Nom :  Andrea                 L'âge: 17 yrs. oldLGMD1B - Andrea

Pays: Norway

LGMD Sous-type: LGMD 1B / Laminopathy

À quel âge avez-vous été diagnostiqué ?:

I was about 6 months old when they discovered that something was wrong, but it wasn’t until I was about 2 years old that they decided it was muscle dystrophy. I have probably had the disease my whole life. I was 7 years old when I got the diagnosis LGMD 1B.

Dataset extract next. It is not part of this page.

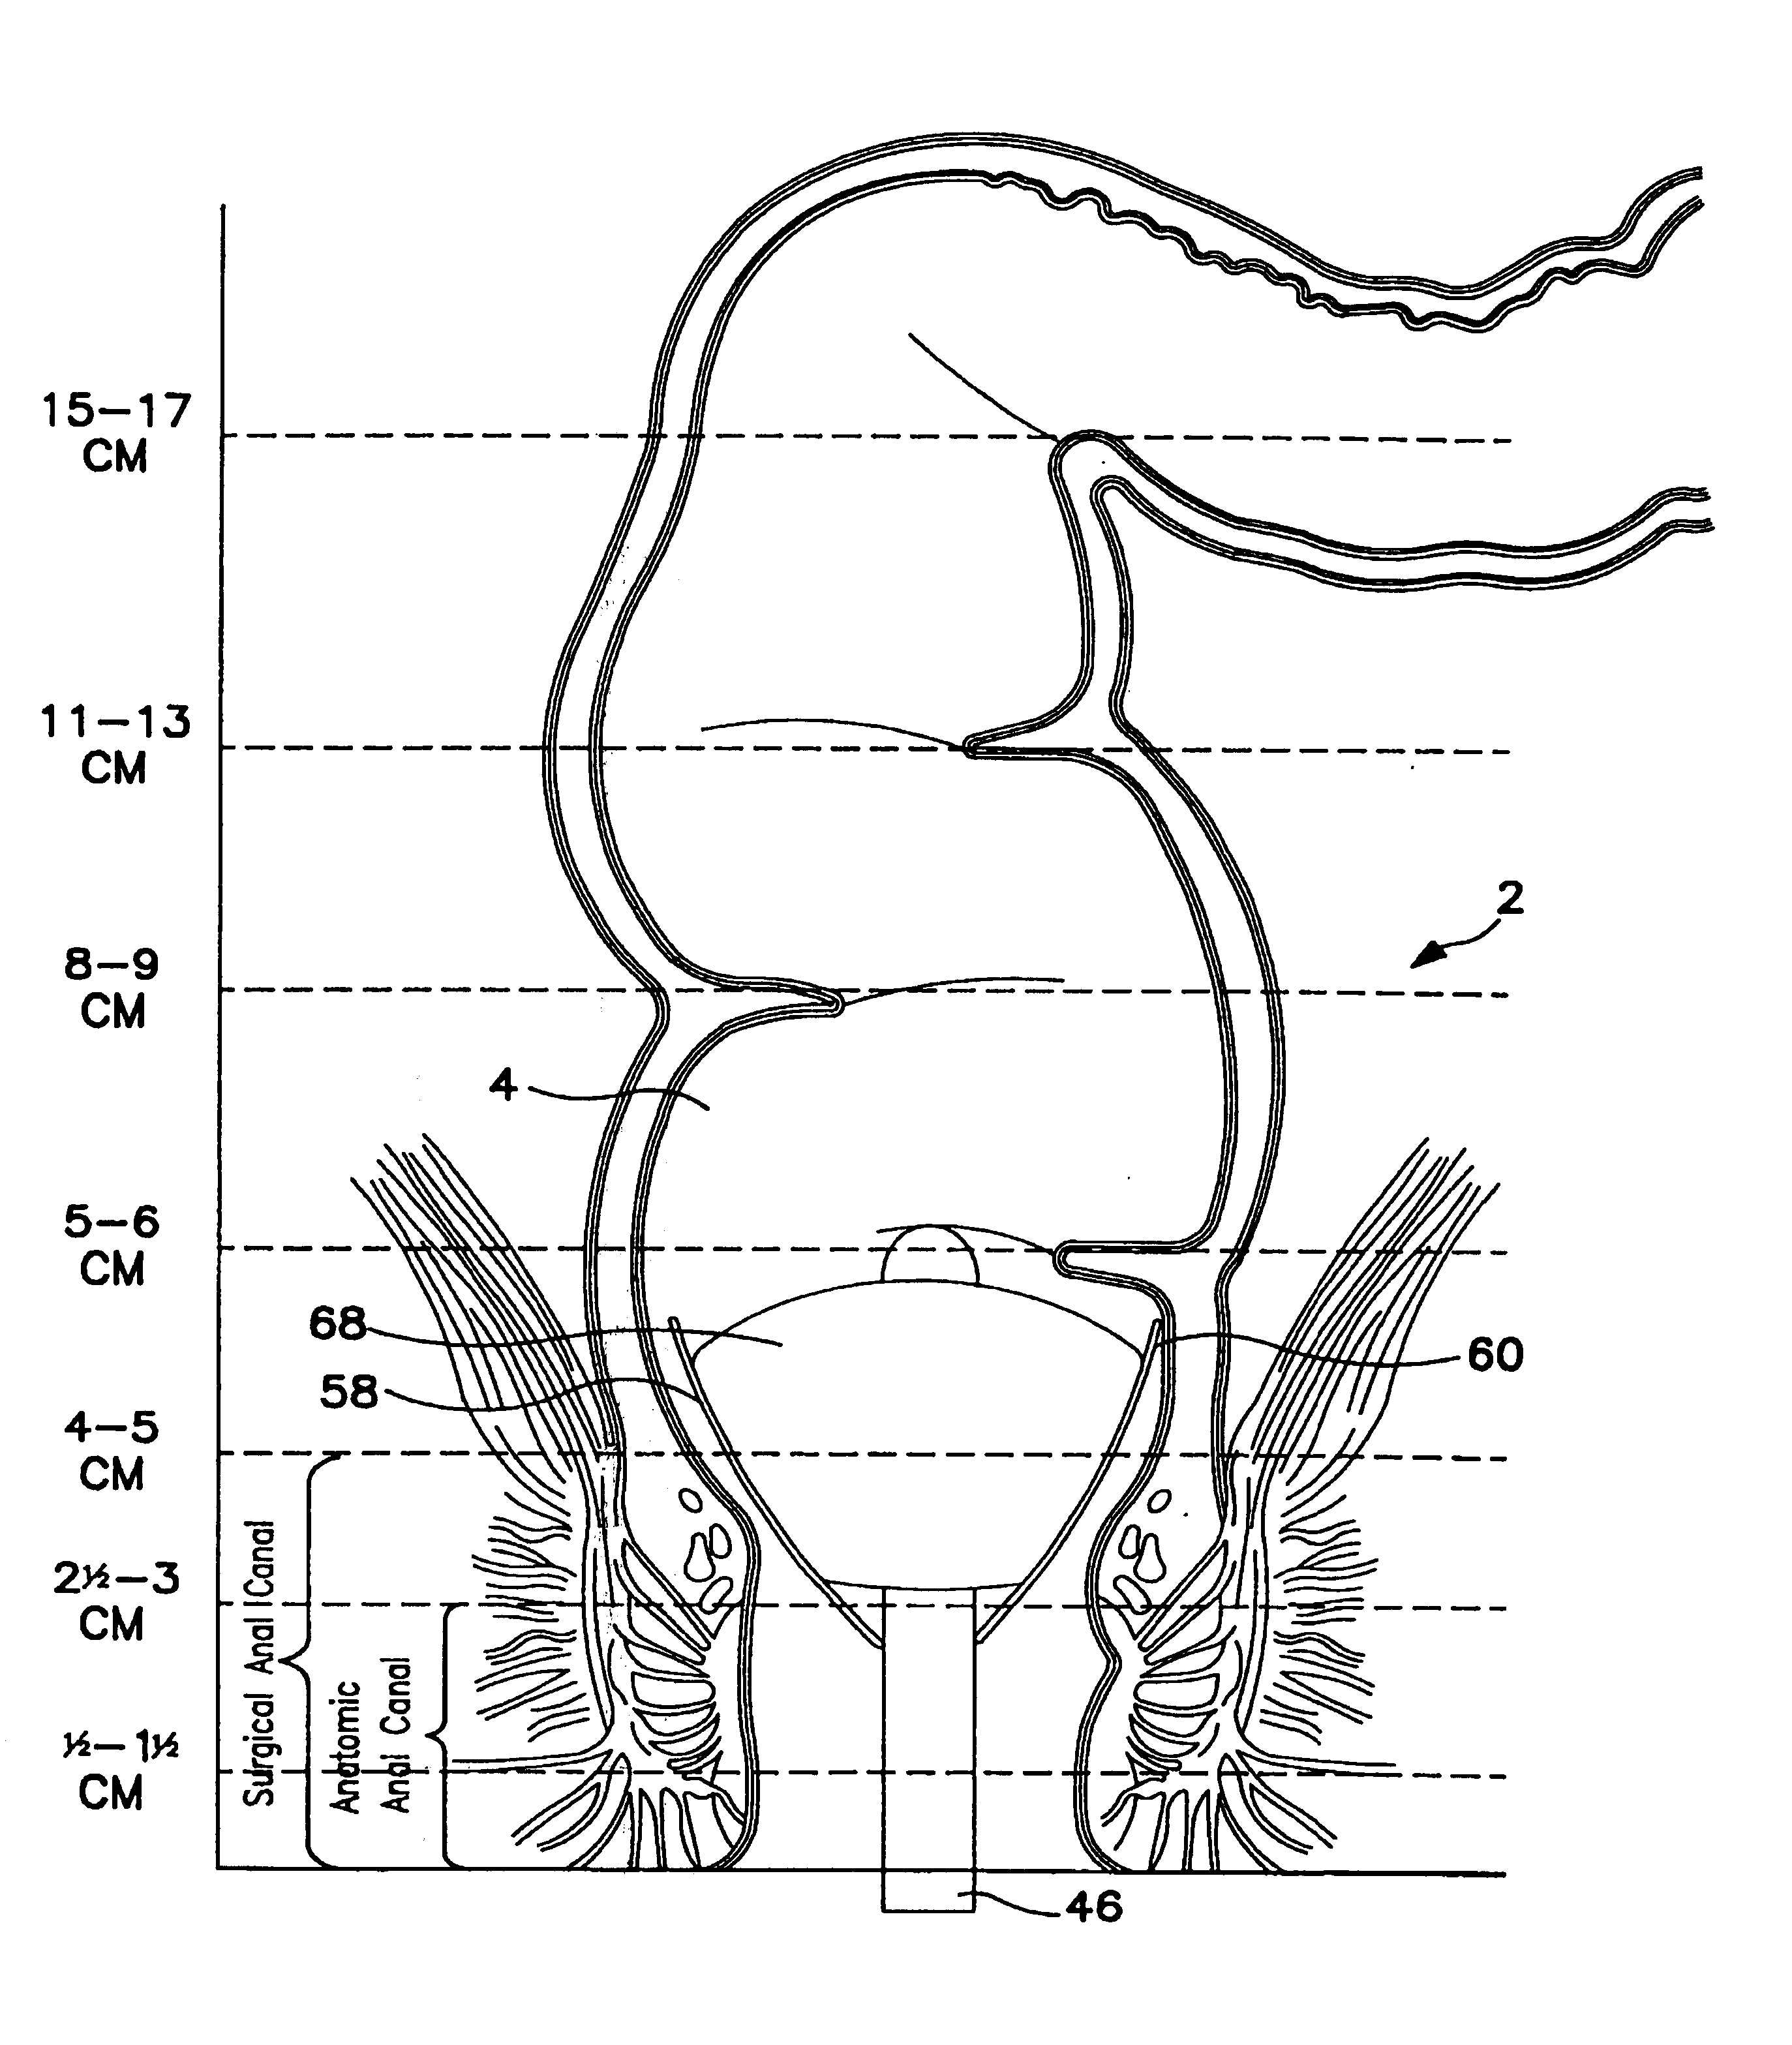 Method and apparatus for quantifying nerve and neural-muscular integrity related to pelvic organs or pelvic floor functions

Quels ont été vos premiers symptômes ?:

I couldn’t hold my head up when I started sitting on my own.

Avez-vous d'autres membres de votre famille atteints de LGMD ?

No, I am the only one with LGMD in my family. Both my parents have been tested and the results showed that I didn’t inherit it, it was from a mutation.

Quels sont, selon vous, les plus grands défis à relever pour vivre avec le LGMD ?:

The greatest challenges are that I can’t do anything on my own. I need help with practically everything, like getting dressed, getting in and out of bed, and picking up stuff.

Quelle est votre plus grande réussite ?:

My greatest accomplishment is my mind. How I have a positive look on everything.

Comment le LGMD vous a-t-il influencé pour que vous deveniez la personne que vous êtes aujourd'hui ?

It has made me appreciate the small pleasures and made me a very positive person.

Que voulez-vous que le monde sache sur le LGMD ?:

I want the world to know that I am not chained to my wheelchair, the wheelchair is the most helpful aid I have. Without it I would be chained, it is my freedom. When some people see me they only see the wheelchair, the noise around me, and not me. The disease only affects my muscles and not my brain, I am a normal 17-year-old girl.

Si votre LGMD pouvait être "guérie" demain, quelle serait la première chose que vous souhaiteriez faire ?:

I would jump, run up and down the stairs, pick up things, do all the normal things I never have been able to do!